The stamp duty of 0.005 per cent will be applicable on all purchase transactions including systematic investment plans (SIPs), lumpsums, dividends reinvested and switch-ins.
Apart from purchase transactions, transfer of units from one demat to another demat account including market or off-market transfers will attract stamp duty of 0.015 per cent.
However, no such duty is applicable on redemption or sale of units.
Amit Jain, co-founder and CEO at Ashika Wealth Advisors said levy of stamp duty will hardly impact mutual fund investors as it is too low to have any significance.
“It will have little to no impact on retail investors. It does not really impact retail investors unless they invest several crores of rupees for less than 3 months. However, corporate investors investing several crores and also investing for few days to a month in categories such as overnight funds may see some impact,”said Vidya Bala, co-founder of Primeinvestor.
“What investors need to be aware of though is like the period of exit load, a small sum will be deducted from their investments, before units are allotted,” she added.

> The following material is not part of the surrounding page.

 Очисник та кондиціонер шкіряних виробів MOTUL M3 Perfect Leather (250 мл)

However, Jimmy Patel, CEO at Quantum Mutual Fund said the stamp duty charge will have impact on investors investing in mutual funds. Now, they will be allotted units after deducting the stamp duty.

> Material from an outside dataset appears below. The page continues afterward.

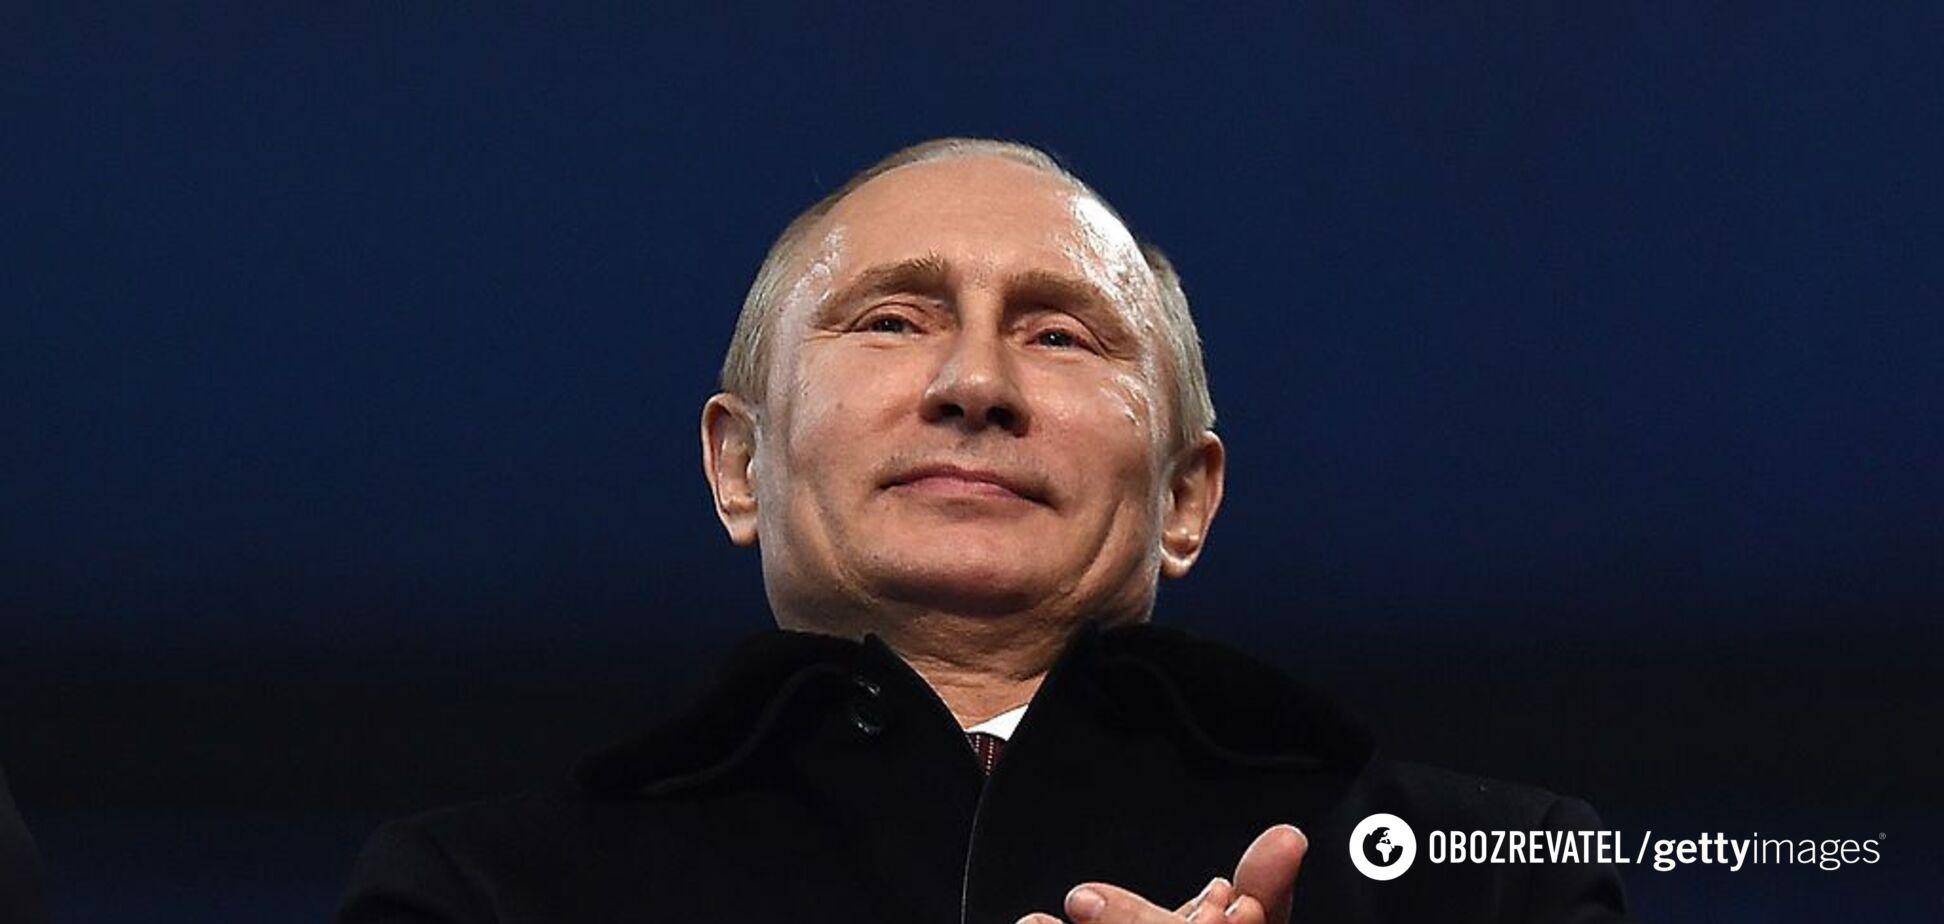 'Власть вытерла ноги': в России рассказали, как Путин создает 'фашизм'

The impact will depend on the holding period and a long-term investor will have minimal impact, said Omkeshwar Singh, who is head RankMF at Samco Securities.
Prateek Mehta, co-founder of Scripbox, said the stamp duty will be applicable on both debt as well as equity funds. It is a one-time charge and its impact will be felt only by very short-term investors as the annualised impact over the short term is higher.
“For mid to long-term investors across mutual fund instruments, there will not be any material impact,” he added.
Since fresh purchases would attract stamp duty each time, he advised investors to not rejig their portfolio frequently so as to avoid the impact of stamp duty.
Explaining about allotment of mutual fund units, Bala said units will be allotted only after deducting stamp duty. For example, an investor will suffer Rs 5 for every Rs 1 lakh. So, for an investment of Rs 1 lakh, units will be allotted on Rs 99,995.
Stamp duty charge is due to an amendment in the Indian Stamp Act, 1899 by Finance Act 2019. It requires collection of stamp duty on all securities market instruments, including mutual funds. It was originally to be effective from January 9 , but the government later postponed it to be effective from July 1.